Al Gore calls meeting with Trump 'a sincere search' for common ground
Former vice president and Nobel Peace Prize laureate Al Gore met with President-elect Donald Trump on Monday to talk about climate change.
Brendan McDermid/Reuters
Former Vice President Al Gore met with President-elect Donald Trump on Monday to discuss an issue where both individuals hold opposing views: climate change.
Mr. Gore, who won a Nobel Peace Prize for his work raising awareness about climate change, spent close to an hour speaking with Mr. Trump, who has said that climate change is a hoax and has threatened to withdraw the United States from international climate agreements.
Despite a majority of scientists’ consensus on climate change, the issue remains a politically divisive topic that has raised considerable concern, especially after Trump and his advisers have declared their intentions to dismantle efforts set in place to tackle the global threat.
Initial reports from Monday's meeting offer hints that Trump, dubbed the negotiator-in-chief by supporters enamored of his deal-making, could be open to reaching across the aisle to find common ground, even on this particularly divisive issue.
“I had a lengthy and very productive session with the president-elect,” Gore said after the meeting, as reported by USA Today. “It was a sincere search for areas of common ground.... I found it an extremely interesting conversation, and to be continued, and I’m just going to leave it at that.”
Gore's current strategy revolves around depoliticizing climate change. In an interview with The Guardian published on the same day, he urged climate activists to shift their attentions toward working with Trump rather than lament his election.
“My message would be that despair is just another form of denial. There is no time to despair,” Gore told The Guardian. “We don’t have time to lick our wounds, to hope for a different election outcome.”
While politicians continue to debate the steps that should be taken in response to climate change, meteorologists have projected that 2016 will close as the hottest year on record, global sea ice has reached record lows, and scientists are struggling against a surging tide of fake news on issues related to science.
In his fight for climate action, Gore might have an ally in Trump’s daughter, Ivanka Trump, with whom he was supposed to meet on Monday but ended up spending the bulk of the time with the president-elect himself.

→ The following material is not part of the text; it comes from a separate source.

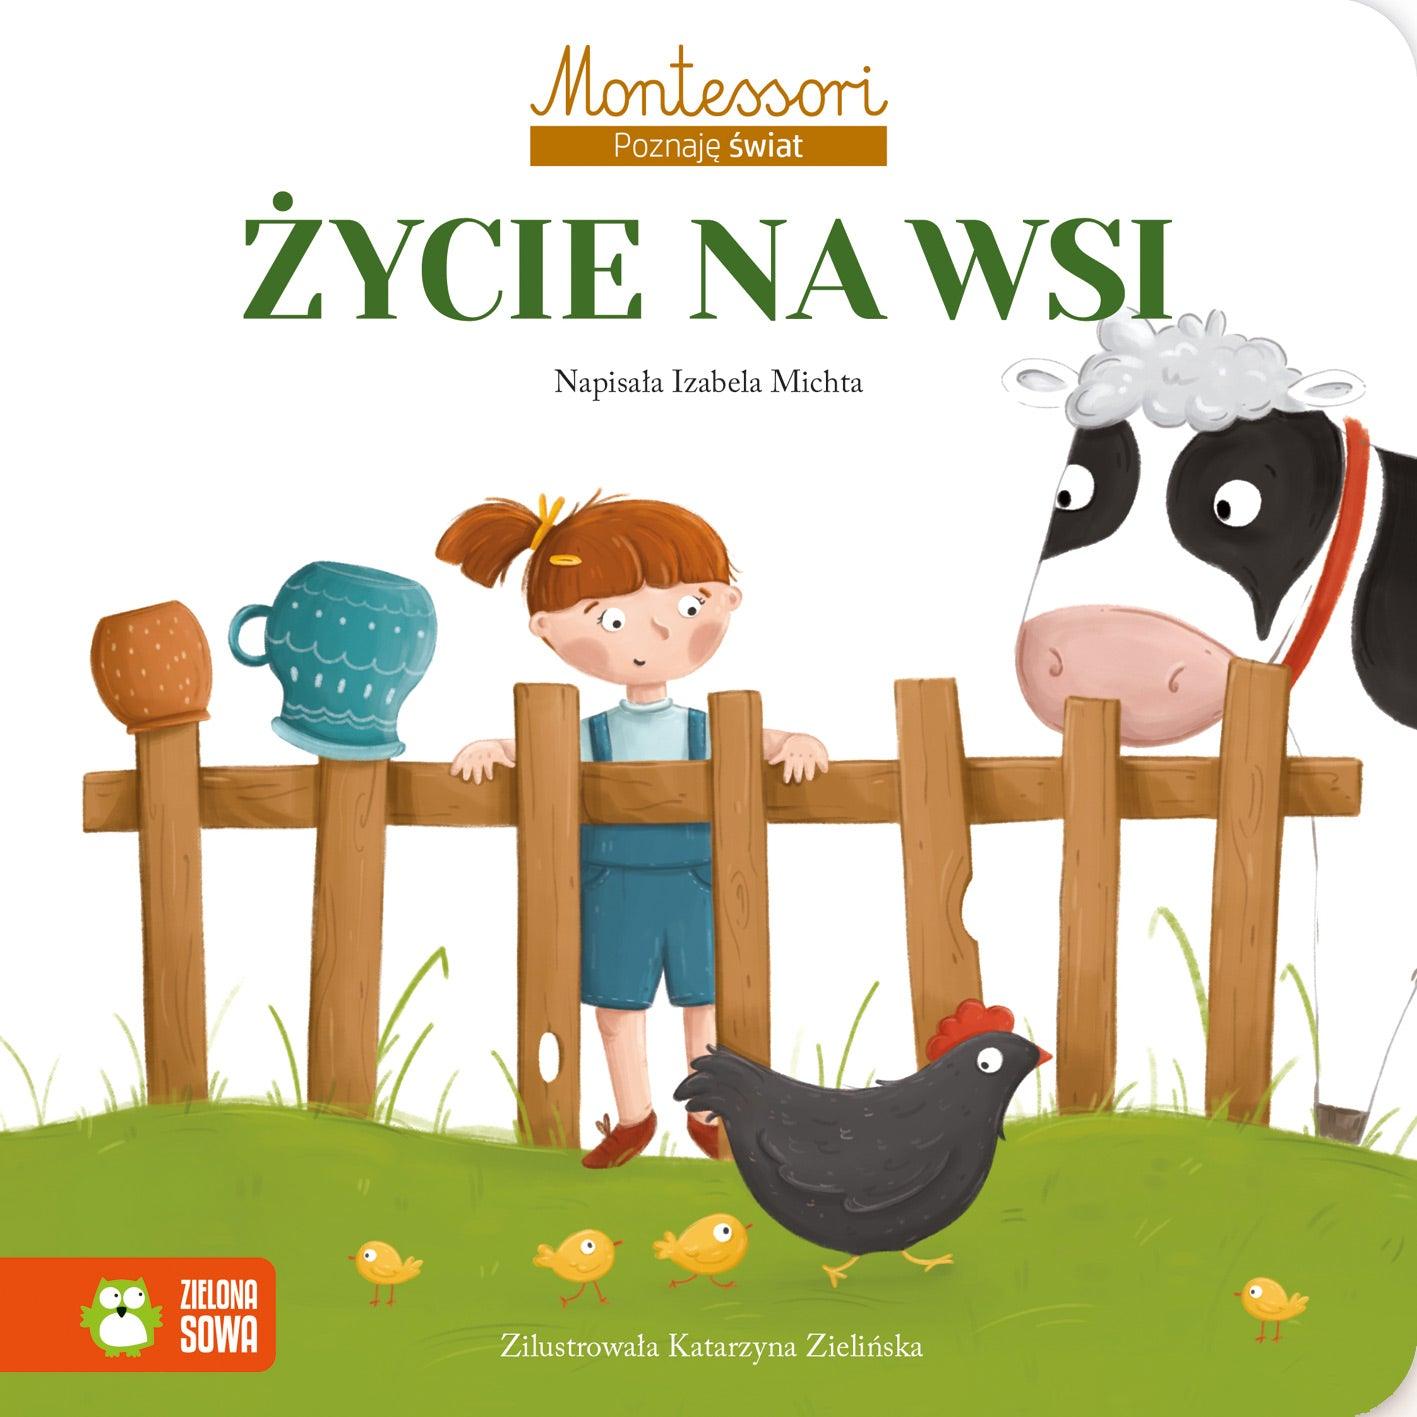 Zielona Sowa: Poznaję świat - Montessori. Życie na wsi - Noski Noski
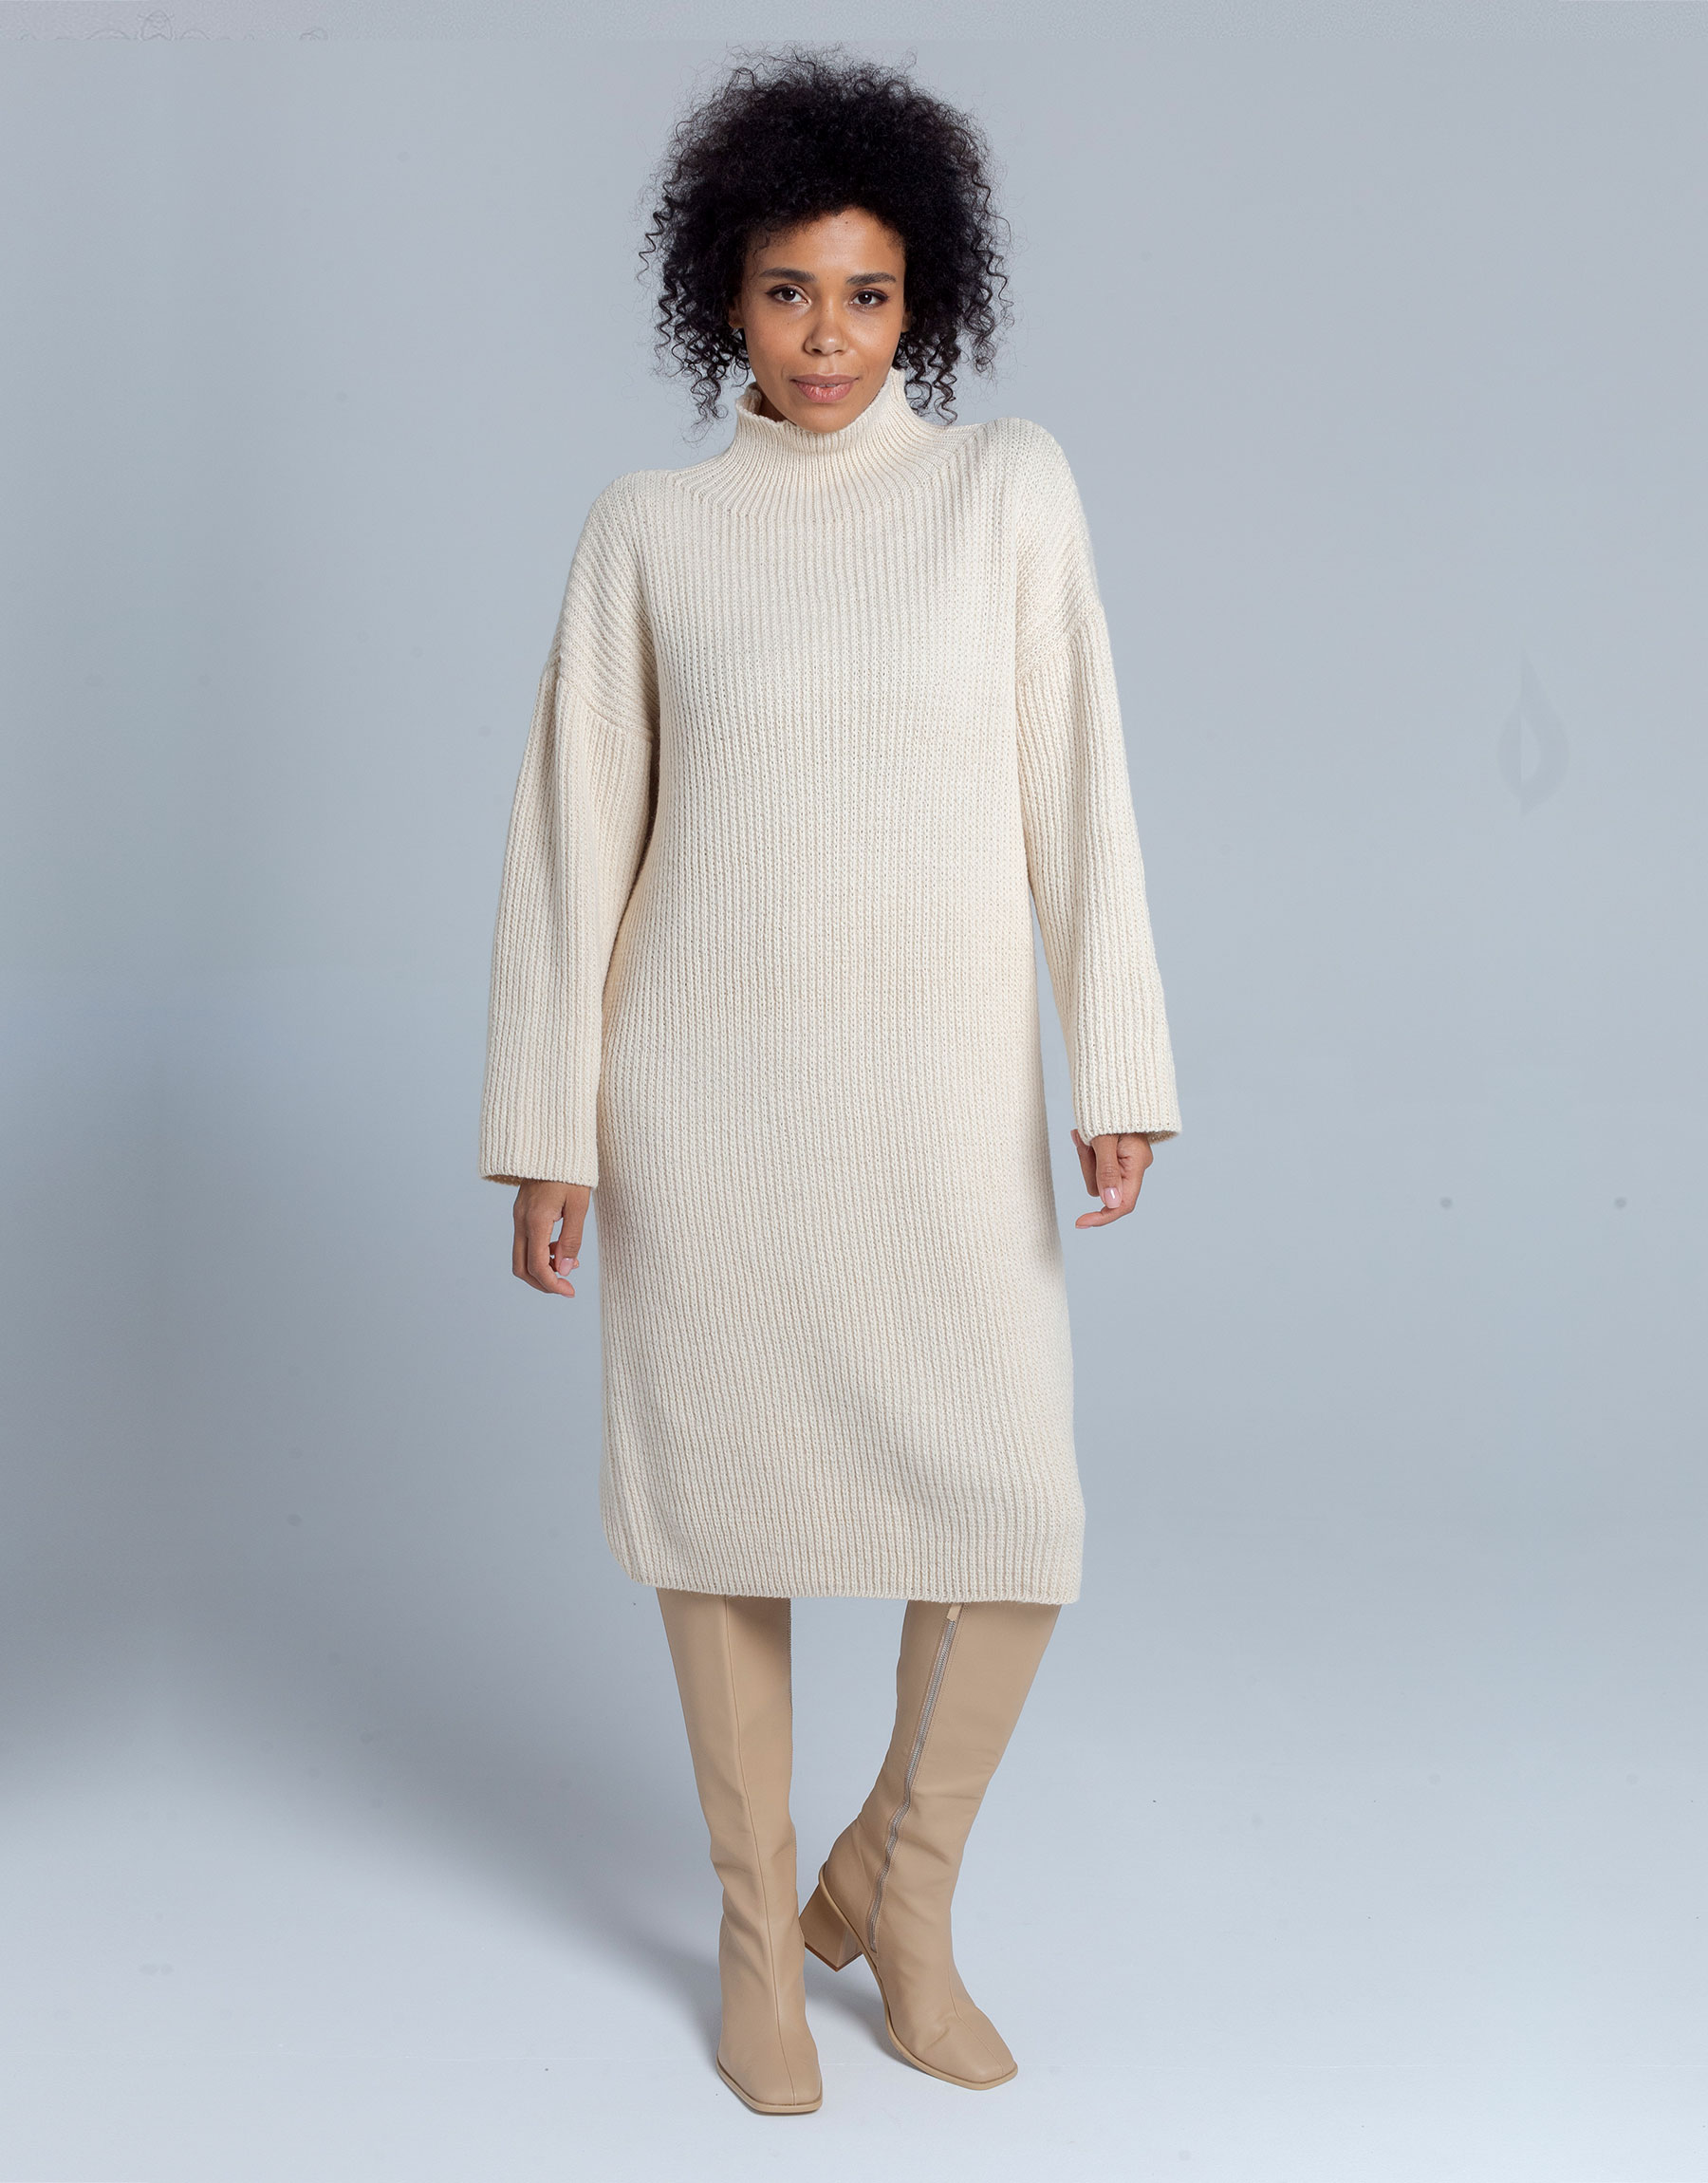 Платье женское Shoppingcore Vi001 белое 46-52 RU

Ms. Trump has been the target of groups on social media who have urged her to wield her influence with her father to soften some of his more conservative stances, including that on climate change. In New York, some activists have been leaving “Dear Ivanka” letters outside a building owned by her husband.
An anonymous source close to Ms. Trump told Politico last week that she has expressed interest in making climate change one of her signature issues and is “in the early stages of exploring how to use her spotlight to speak out on the issue.”
While environmentalists brace for more political opposition, particularly as Myron Ebell, a climate change skeptic, is floated as a candidate to head the Environmental Protection Agency, Trump said in an interview with The New York Times last month that he has a “very open mind” on the topic – although his belief hinges on how it will affect business.
“I think right now ... well, I think there is some connectivity. There is some, something. It depends on how much,” Trump said. “It also depends on how much it’s going to cost our companies. You have to understand, our companies are noncompetitive right now.”
Gore, on the other hand, remains cautious and optimistic.
“I frankly don’t know how open his mind is. Until hope is foreclosed, it’s worthwhile to see if there’s an opportunity to build green infrastructure, for example, or eliminate fossil fuel subsidies based on market-based competition,” he said. “Regardless of what [Trump] does, a sustainable energy revolution is under way.”